Investigators have re-created the beginnings of the process that enabled scales of dinosaur-era birds to evolve into feathers. Scientists have figured out a way to transform alligator scales into feathers in a laboratory, which could provide vital clues in how dinosaurs evolved into birds. It’s one of the most significant developments in the history of evolution, and scientists are trying to figure out the massive biological shift that gave us the birds we know today.
Scientists were able to figure out what the feather developing genes are in birds, and then they stimulated those genes in alligator embryos, causing the scales to turn into feathers. Their findings were proclaimed in the journal Molecular Biology and Evolution. Experts believe that some dinosaurs evolved into birds that still had scales, while other dinosaurs developed feathers. However, there remains a lot of mystery in exactly how this evolution happened. The full statement from Molecular Biology and Evolution from Oxford University Press follows below.
In first glimpse, most people wouldn’t consider alligators or birds were evolutionary relatives. But indeed, reptiles are the closest living siblings of birds, and all descended from the archosaurs, the ruling reptiles which once commanded ages ago.
Archosaurs provided rise to the age of the dinosaurs and, ultimately, birds and reptiles as their only living descendants. Lately, many transitionary dinosaur fossils with full or partial plumages have been revealed. Scientists speculate these primitive “proto-feathers” of feathered dinosaurs may have evolved to help endothermy, attract mates, gave them an ability to outrun predators better, and eventually glide and fly.
But exactly how the outer skin and underlying tissues specify feathers versus scales and ultimately the evolution of flight has remained a puzzle.
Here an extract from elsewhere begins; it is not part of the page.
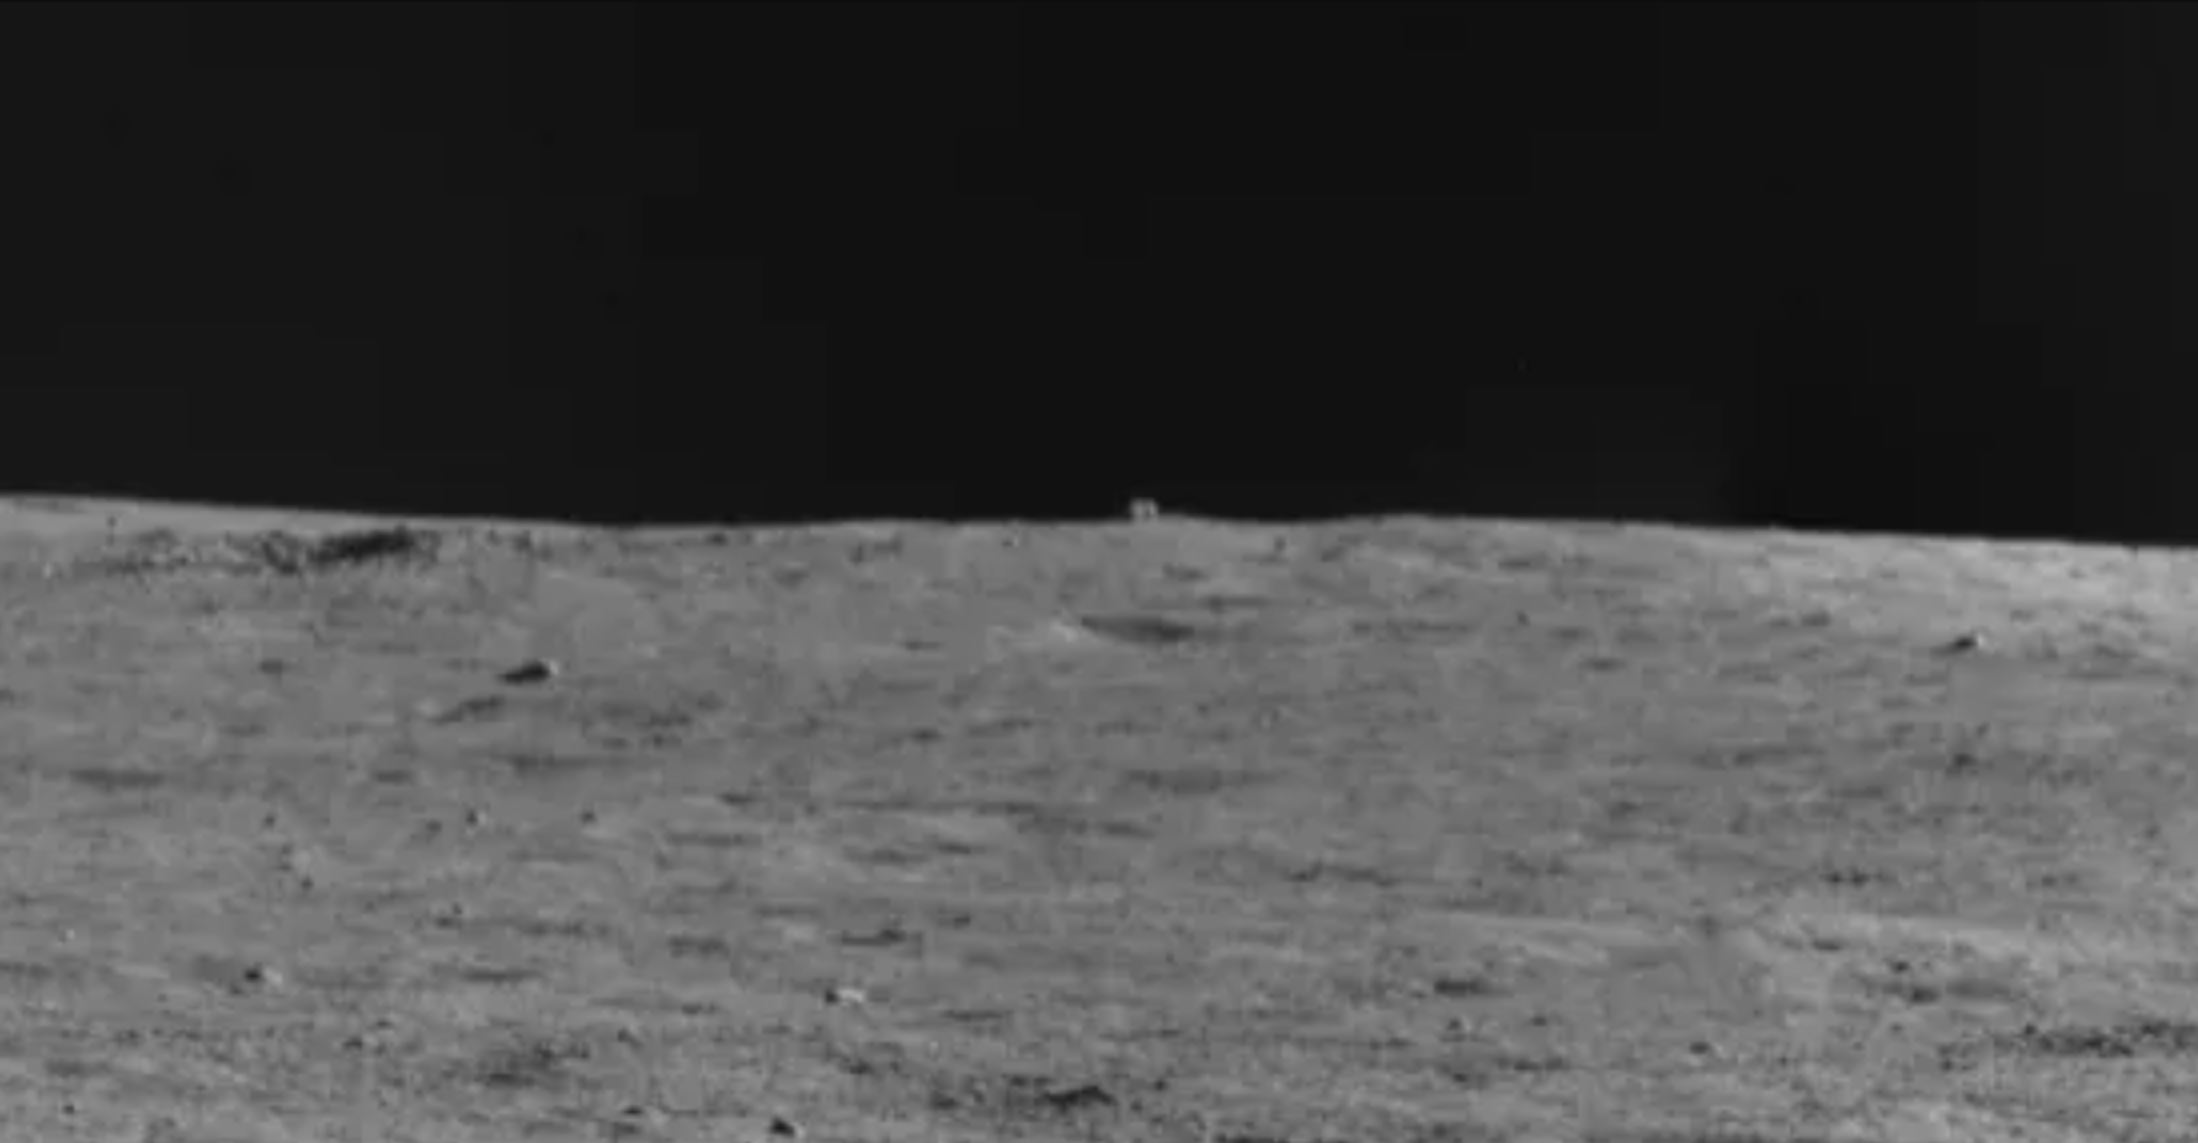 Blurry hut-like object on the surface of the far side of the moon

Though, this rich evolutionary heritage should be still implanted within all existing reptile and bird DNA. They have also displayed the ability to turn scales into feathers, by turning on and off-key molecular circuits at crucial stages of scale growth and development.
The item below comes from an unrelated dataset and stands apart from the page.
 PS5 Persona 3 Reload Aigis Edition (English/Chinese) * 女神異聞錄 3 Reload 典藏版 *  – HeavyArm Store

For the research study, the team conducted a whole RNA transcriptome and DNA genomic examination of growing chicks and alligators to recognize their gene expression differences and the critical genes in scale or feather development. Following, they placed these unique chicken feather genes inside alligator eggs, carefully turning them on or off beneath their growing skin to reawaken an ancient programming that can transform scales into feathers.
Dr Cheng Ming Choung, a professor of pathology at the Keck School of Medicine of USC said that our analyses led to the classification of five morpho-regulatory modules that are essential for new feather formation. We suggest that these modules may initially evolve as various strategies for better adaptation. Ultimately, the integrative combination of five morpho-regulatory modules achieves the highly favourable feather architecture today, provides the Ave class to challenge most of the open sky as their ecological niche.
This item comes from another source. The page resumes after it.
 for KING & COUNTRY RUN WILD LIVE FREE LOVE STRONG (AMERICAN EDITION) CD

These essential circuits head to the budding and elongation of appendages, follicle with stem cells and dermal papilla to support cyclic redemption, barb ridge formation with different branching forms, and particular feather keratin differentiation. Some molecules could only produce one of the five criteria, eg.; the Sox2 gene can turn on feather budding and entirely inhibits scale production, while Grem1 can produce barb-like branching.
“Additional molecules, such as retinoic acid or Sox18, have a greater ability to produce scutate scales to make feather-like skin appendages,” said Chuong. “These feather-like appendages present all five criteria defining feathers, advising that they operate at a higher hierarchical level in this evolutionary pathway.”
These master regulators may have been the original genes to adapt during early archosaur evolution and gain a newfound strength toward the making of today’s complex feathers. “Intriguingly, some of these phenotypes are related to the unusual filamentous appendages found in the specimens of feathered dinosaurs.”
Motivated by the “flying dragon,” Ping Wu wants to question alligator scales to form feathers. By forced expression of sprouty and beta-catenin, genes they found to help convert chicken scales to feathers, they can cause the formation of elongated scales in alligator embryonic skin. The research significantly adds to the growing list of genes and molecules known to induce feather-like structures in birds and has established a robust new system in alligators to test and further explore the evolution of flight.